### GIVEN MATERIAL

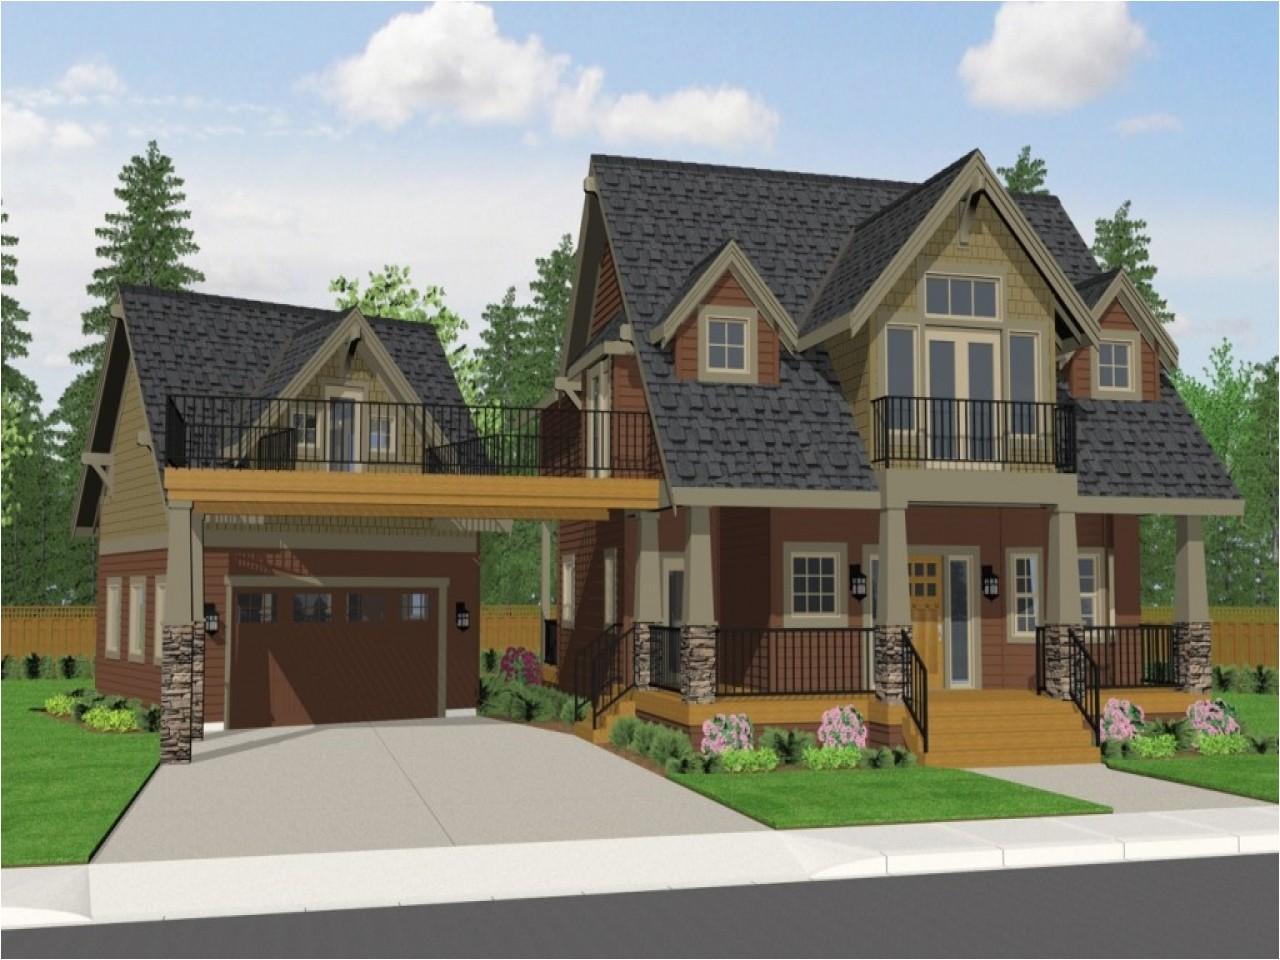 061b77b003df7f8a craftsman bungalow house plans craftsman style house plans
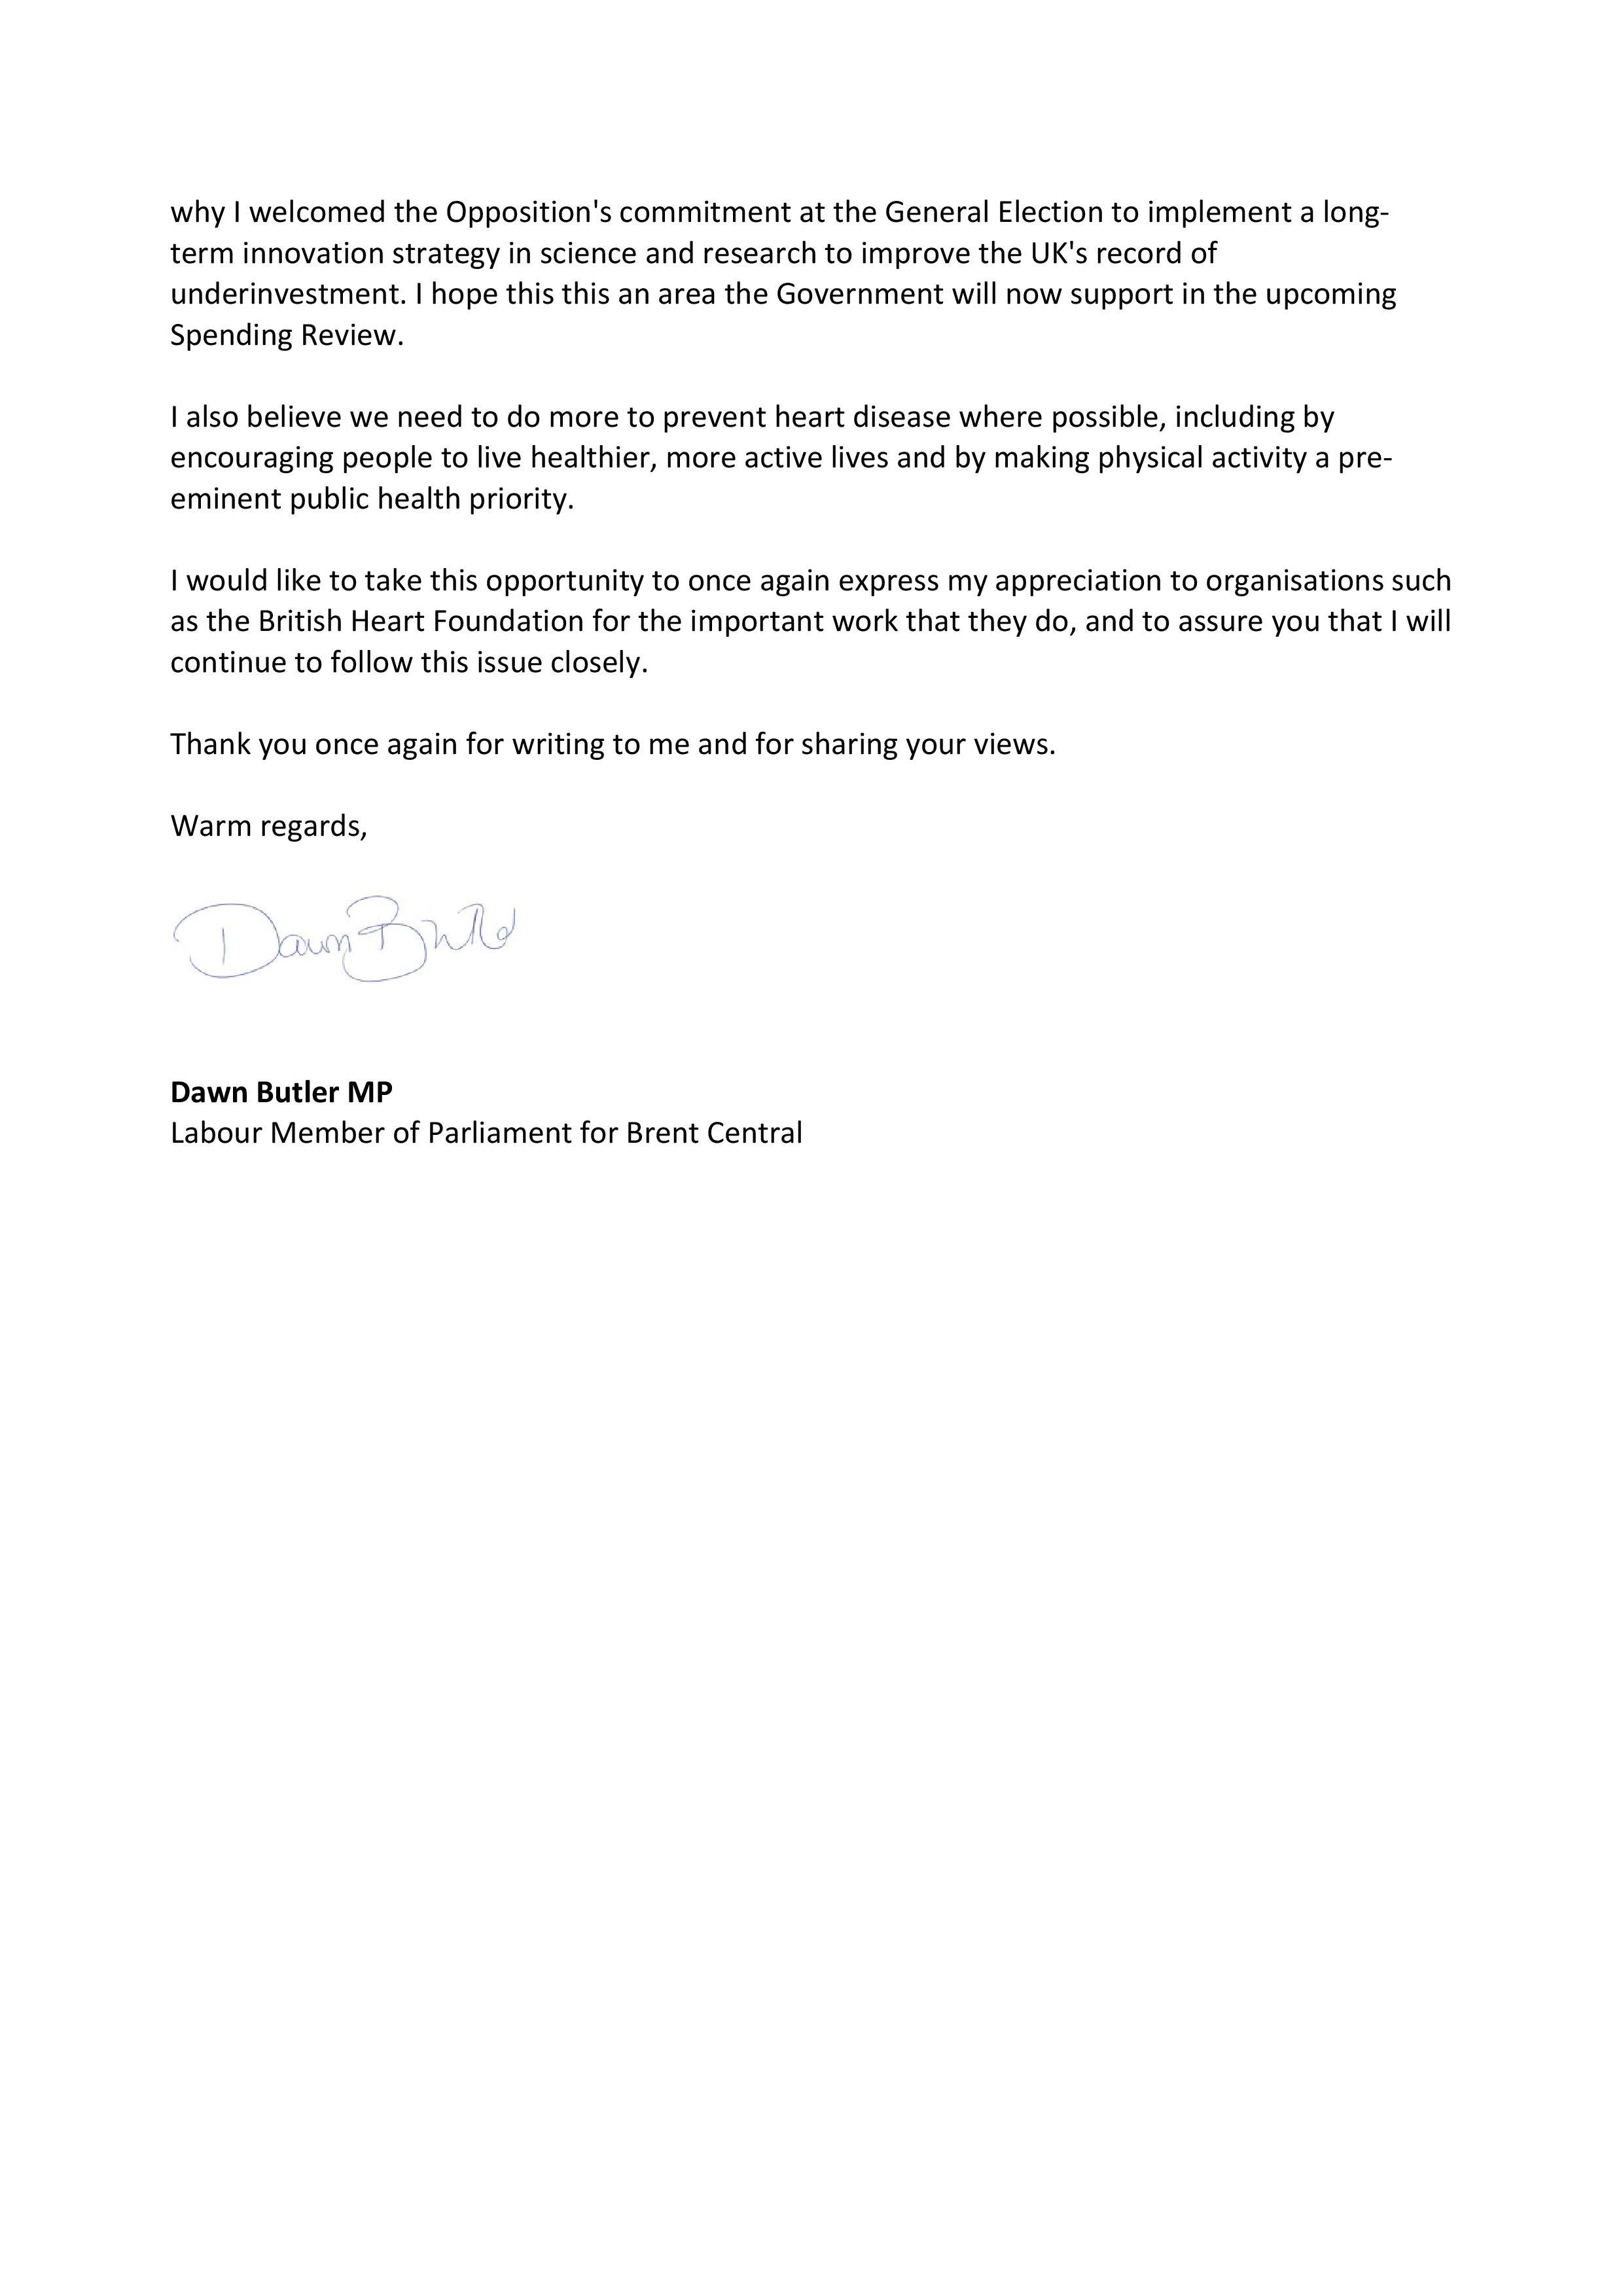 CVD_letter-page-002.jpg
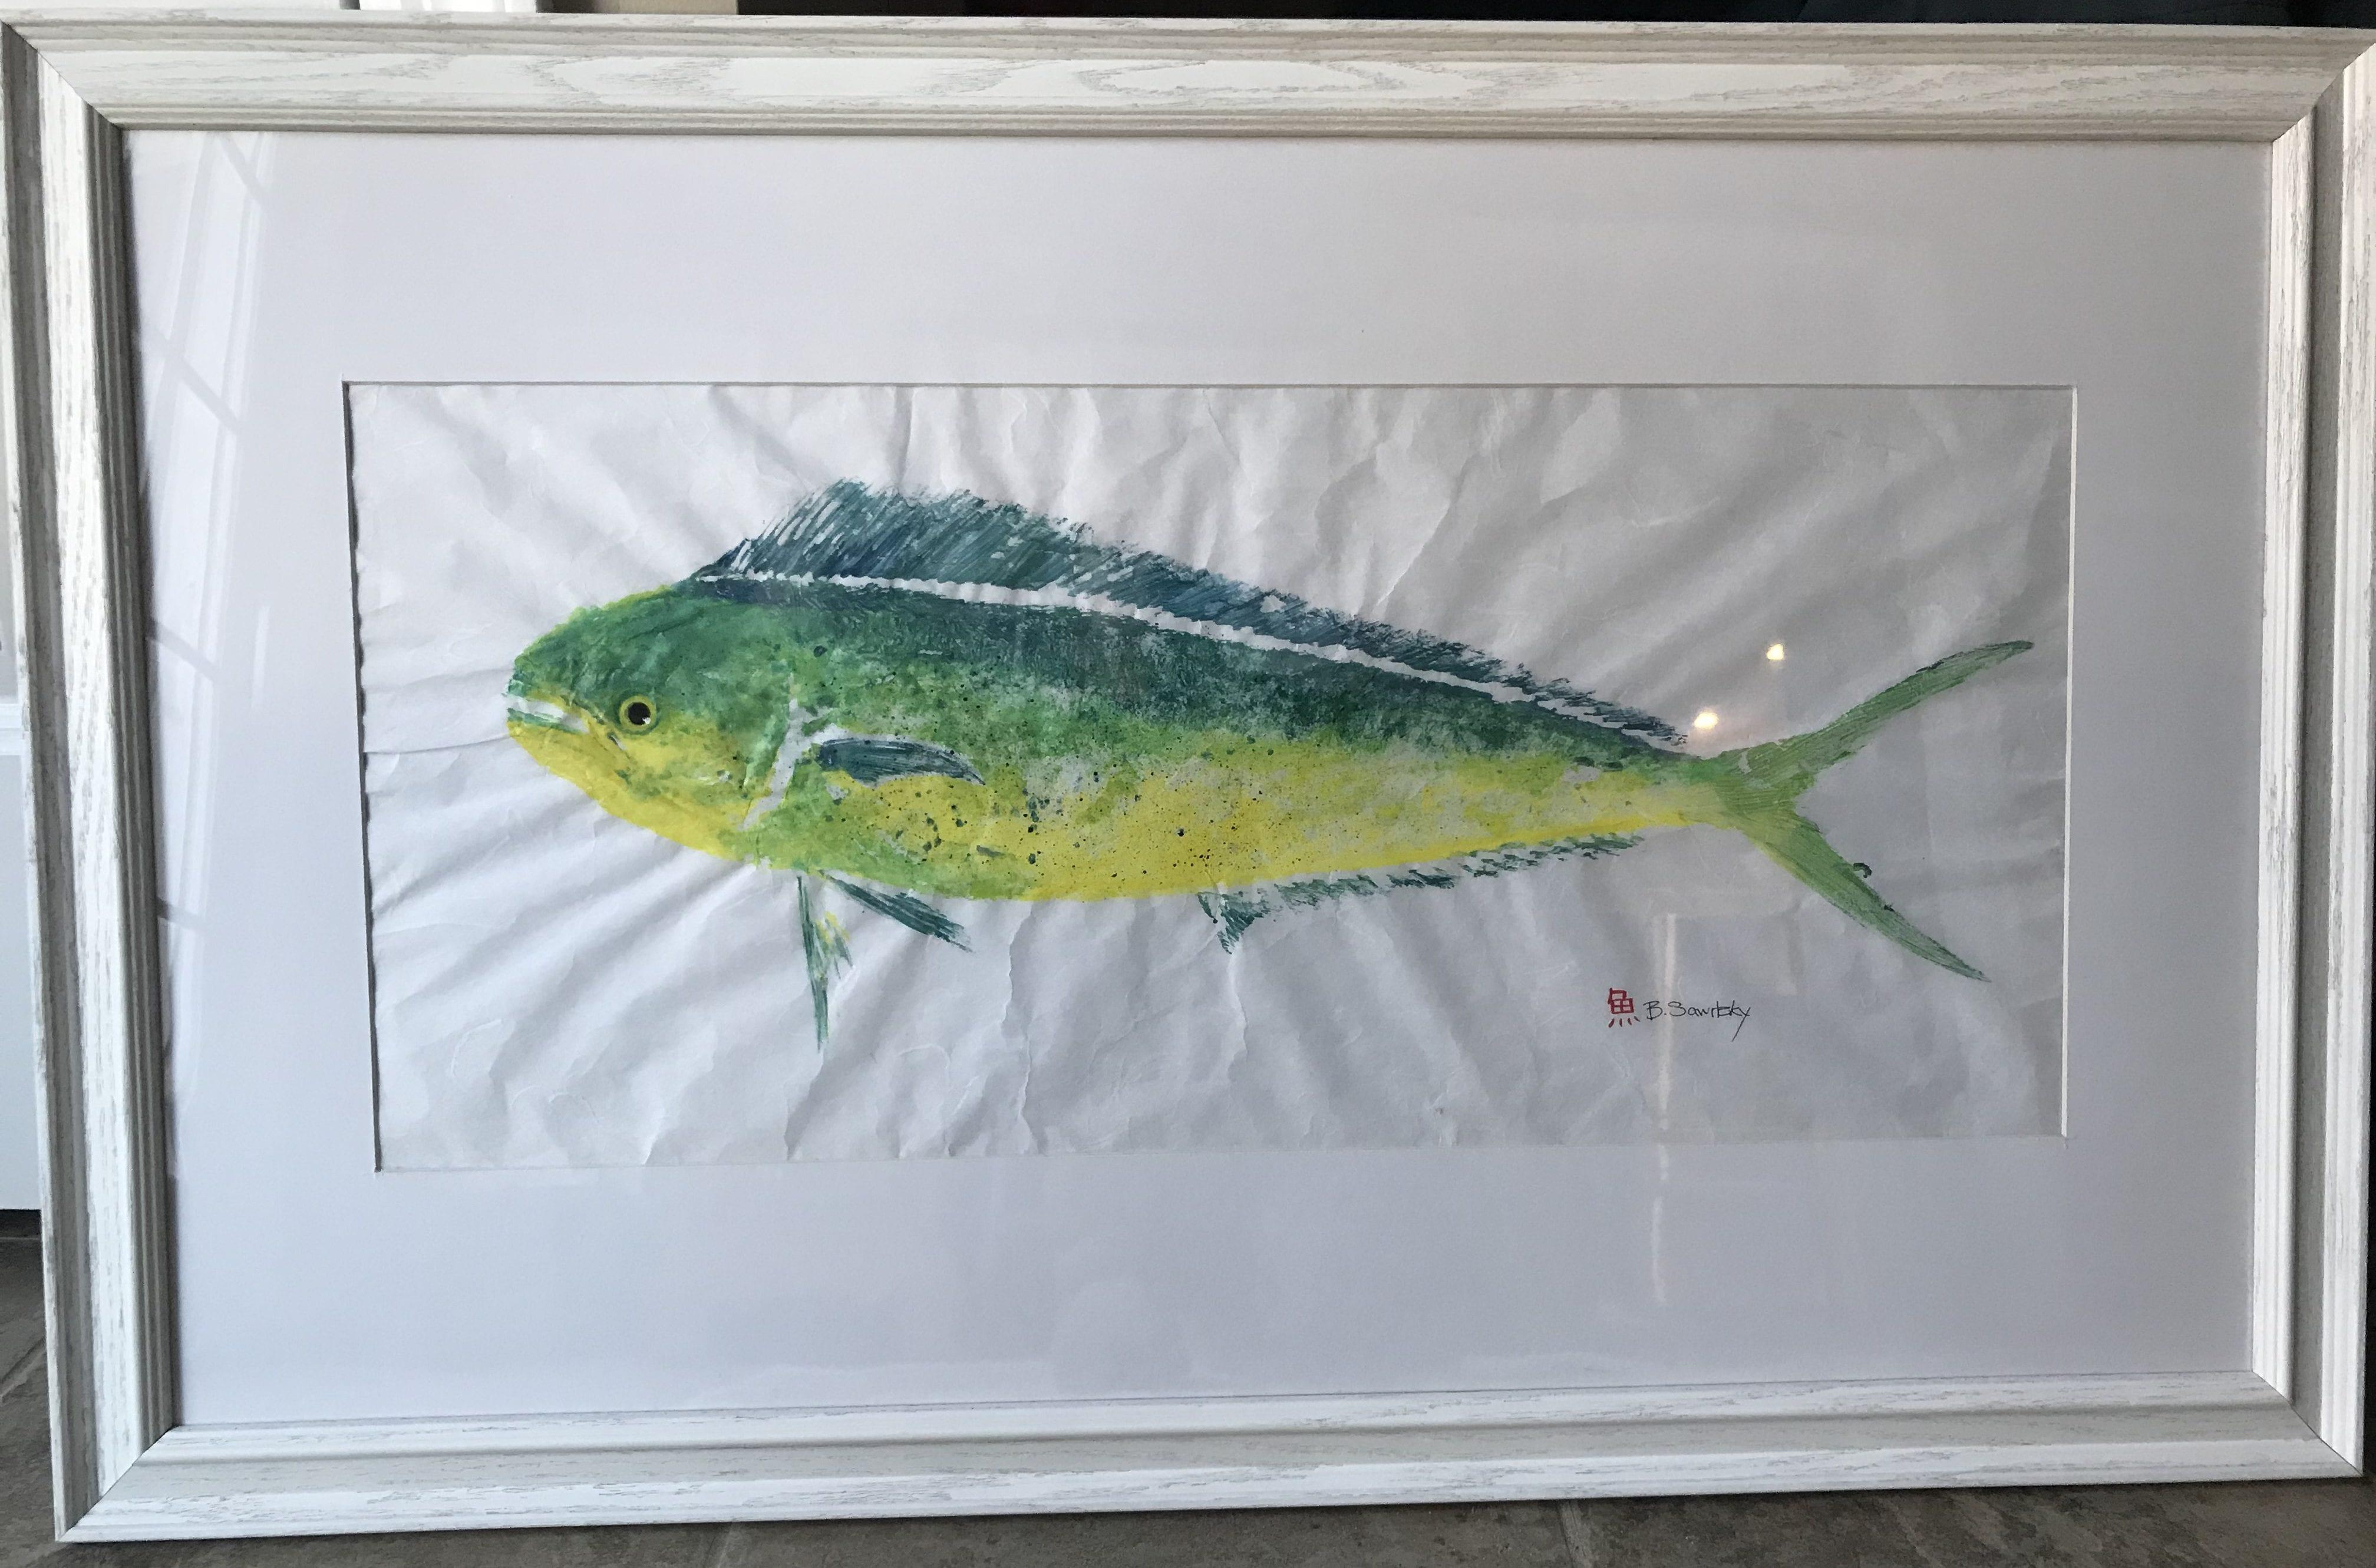 Gyotaku Painting by Bridget Sawitsky

### YOUR TASK
Copy the lines above exactly. Do not include pictures.

### COMPLETED EXERCISE
 061b77b003df7f8a craftsman bungalow house plans craftsman style house plans
 CVD_letter-page-002.jpg
 Gyotaku Painting by Bridget Sawitsky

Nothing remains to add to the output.